I. Introduction
With the increasing concentration of urbanized population worldwide, computer vision-based crowd recognition technology plays an important role in public safety, abnormal event detection, and urban traffic management. In the past few years, a large number of approaches have been proposed to solve the crowd-counting problems in images, mainly including traditional detection-based and regression-based methods, as well as convolutional neural network (CNN)-based crowd counting methods [1]. For sparse scenes containing a single or a few targets in an image, crowd counting can be easily and accurately performed by detection-based methods to detect human bodies in an image or regression-based methods to learn the mapping relationship between features and the number of people in an image.

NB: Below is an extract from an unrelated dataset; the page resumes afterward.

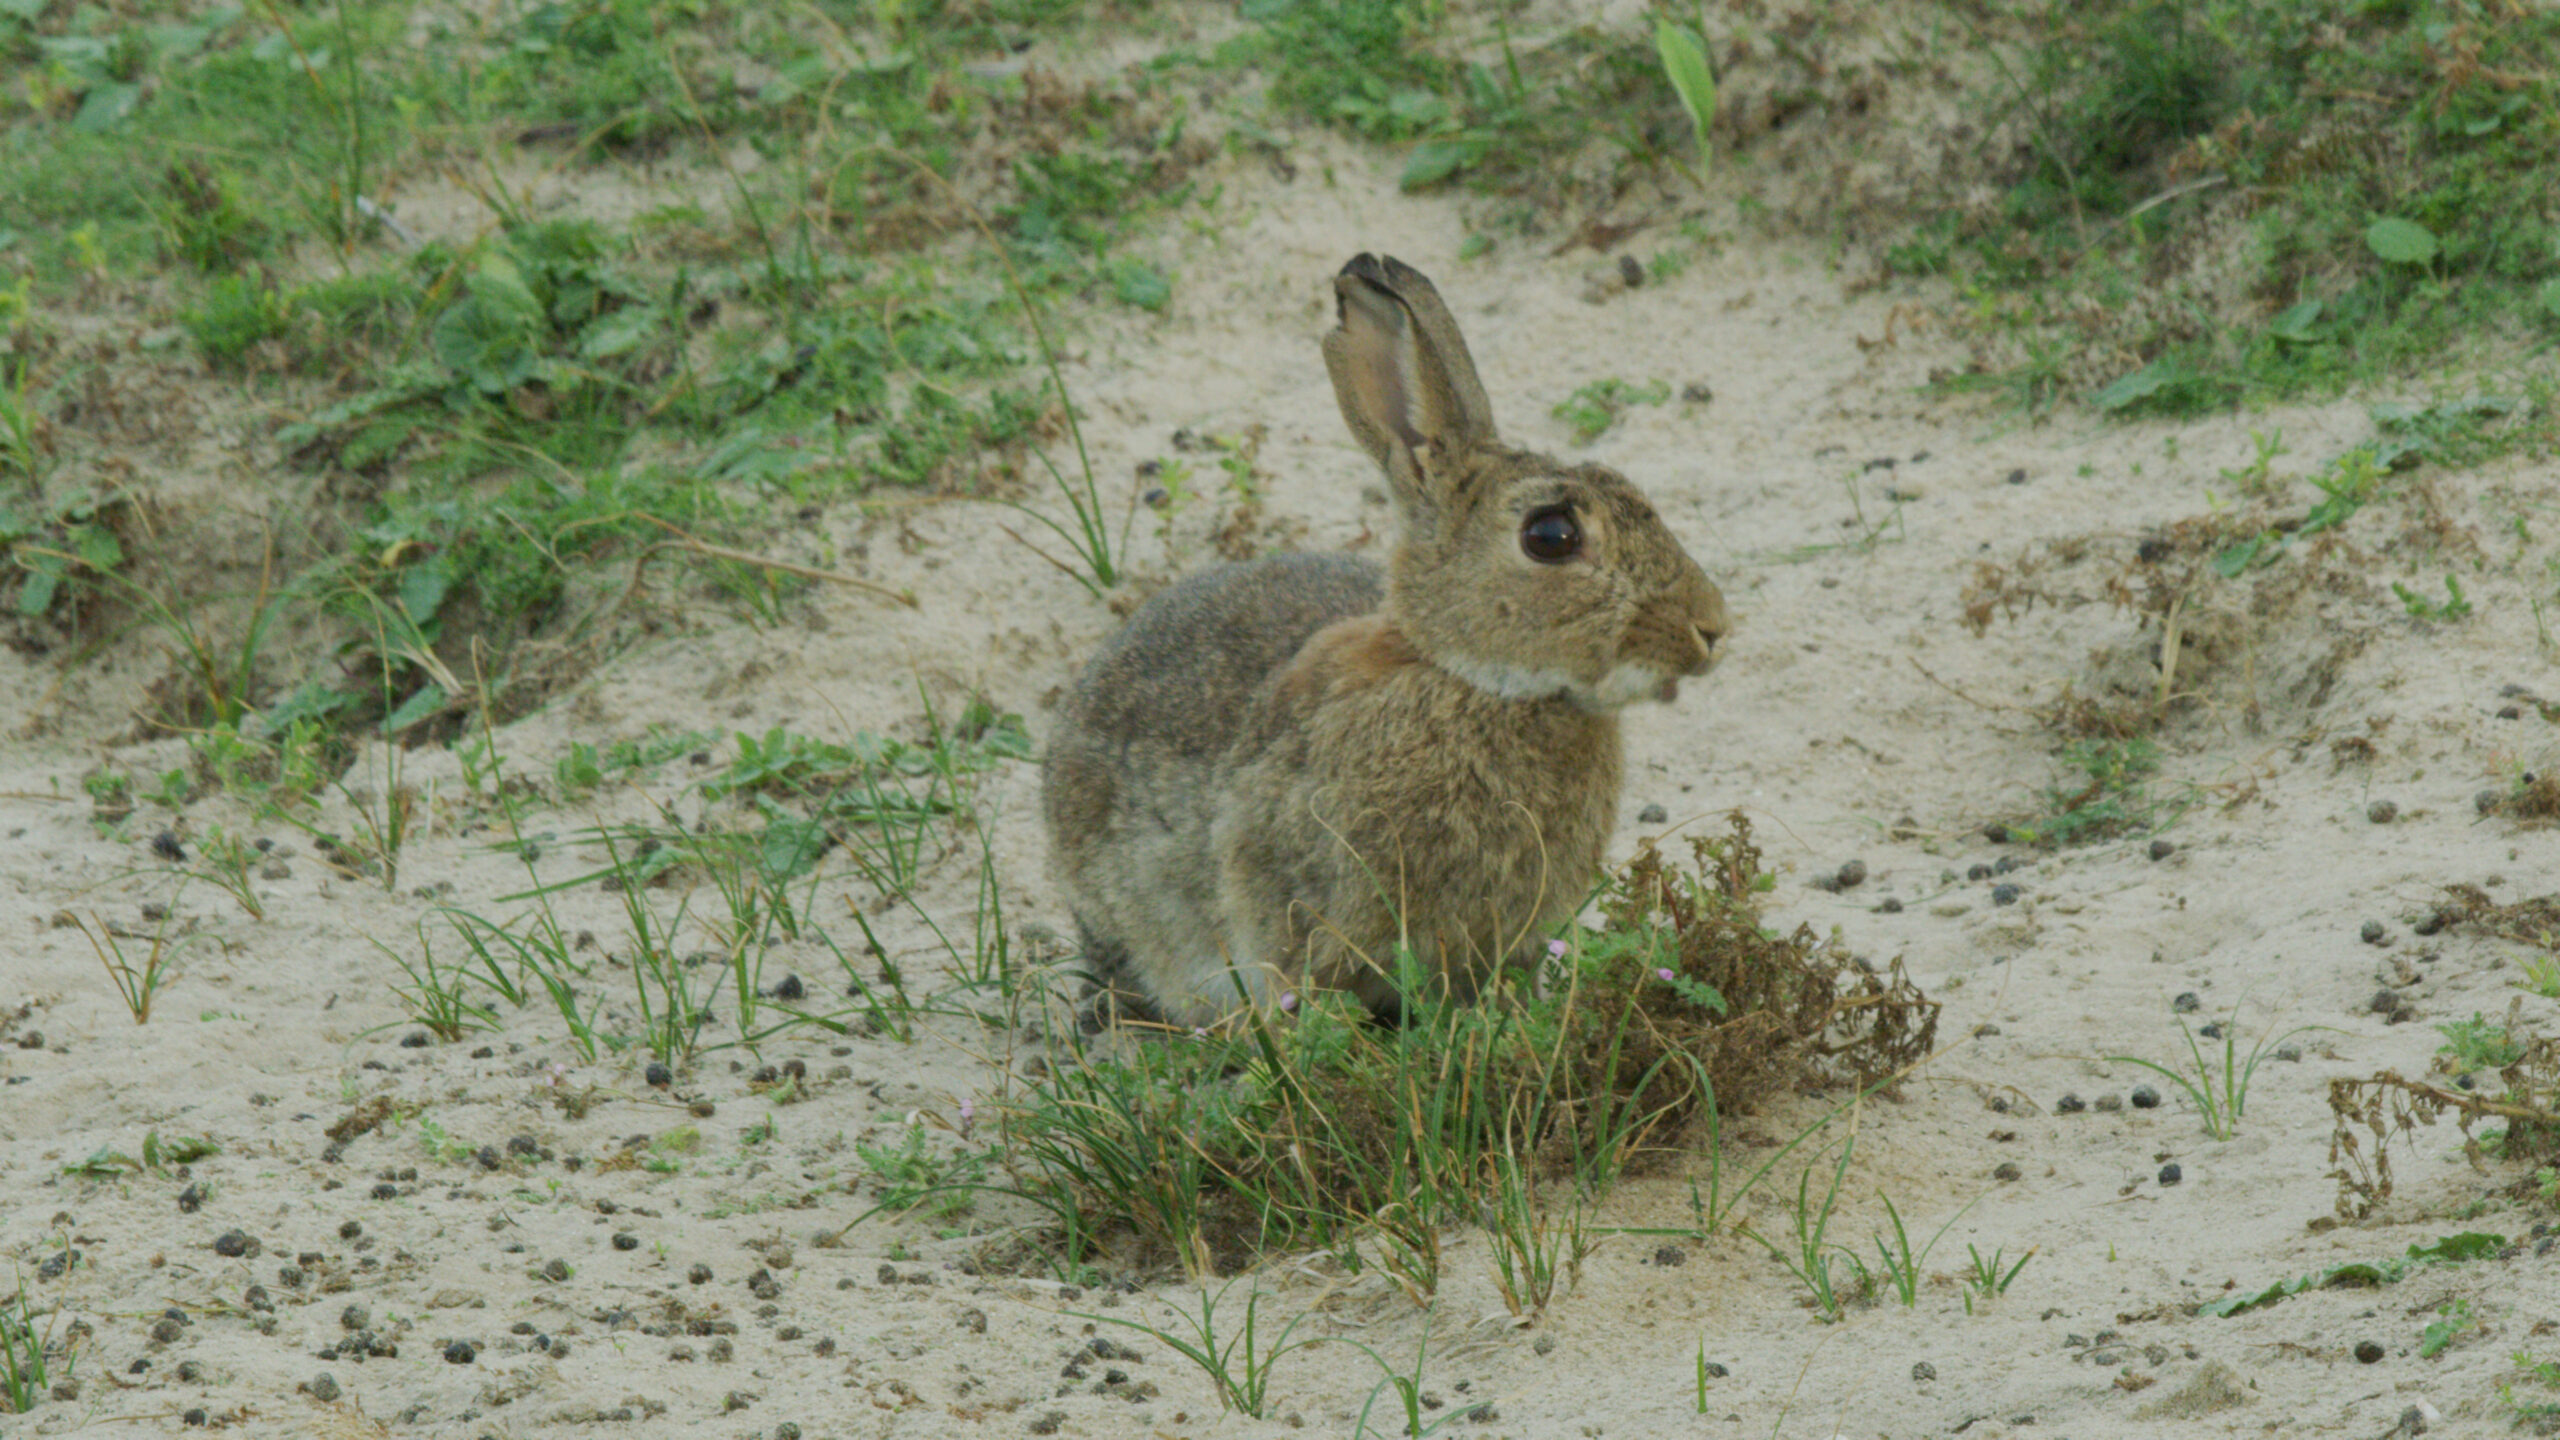 006-WILDDUNES - Rabbit eating in the Dunes

However, for crowded scenes containing a large number of targets, there are still great difficulties in recognition due to challenges such as scale variation, nonuniform distribution, occlusion, and complex background. Sample images of these challenges are illustrated in Fig. 1. These challenging scenes are usually not independent of each other, but have coupled relationships, which means that several challenges may exist simultaneously in one image. To overcome these challenges, a variety of CNN-based crowd counting methods have been designed that automatically learn the mapping relationships between images and density maps and achieve excellent crowd counting results. Although these methods have solved some problems, there is still much room for improvement in performance especially for crowded dense scenes. Therefore, in this article, a CNN-based generic and robust network is designed to further improve the crowd counting performance. Another hot topic of research in crowd counting is to alleviate the challenges of reliance on a large amount of labeled data and difficulty in pixel-level annotations by using cross-domain crowd counting methods [2], domain-adaptive crowd counting methods [3], semi-supervised crowd counting methods [4], etc. In this article, we focus on the performance improvement of CNN-based crowed counting, therefore a brief review of traditional crowd counting methods and a detailed review of CNN-based crowd counting methods are provided in this Introduction sections.
Image samples of challenges including (a) scale variation, (b) nonuniform distribution, (c) occlusion, and (d) complex background.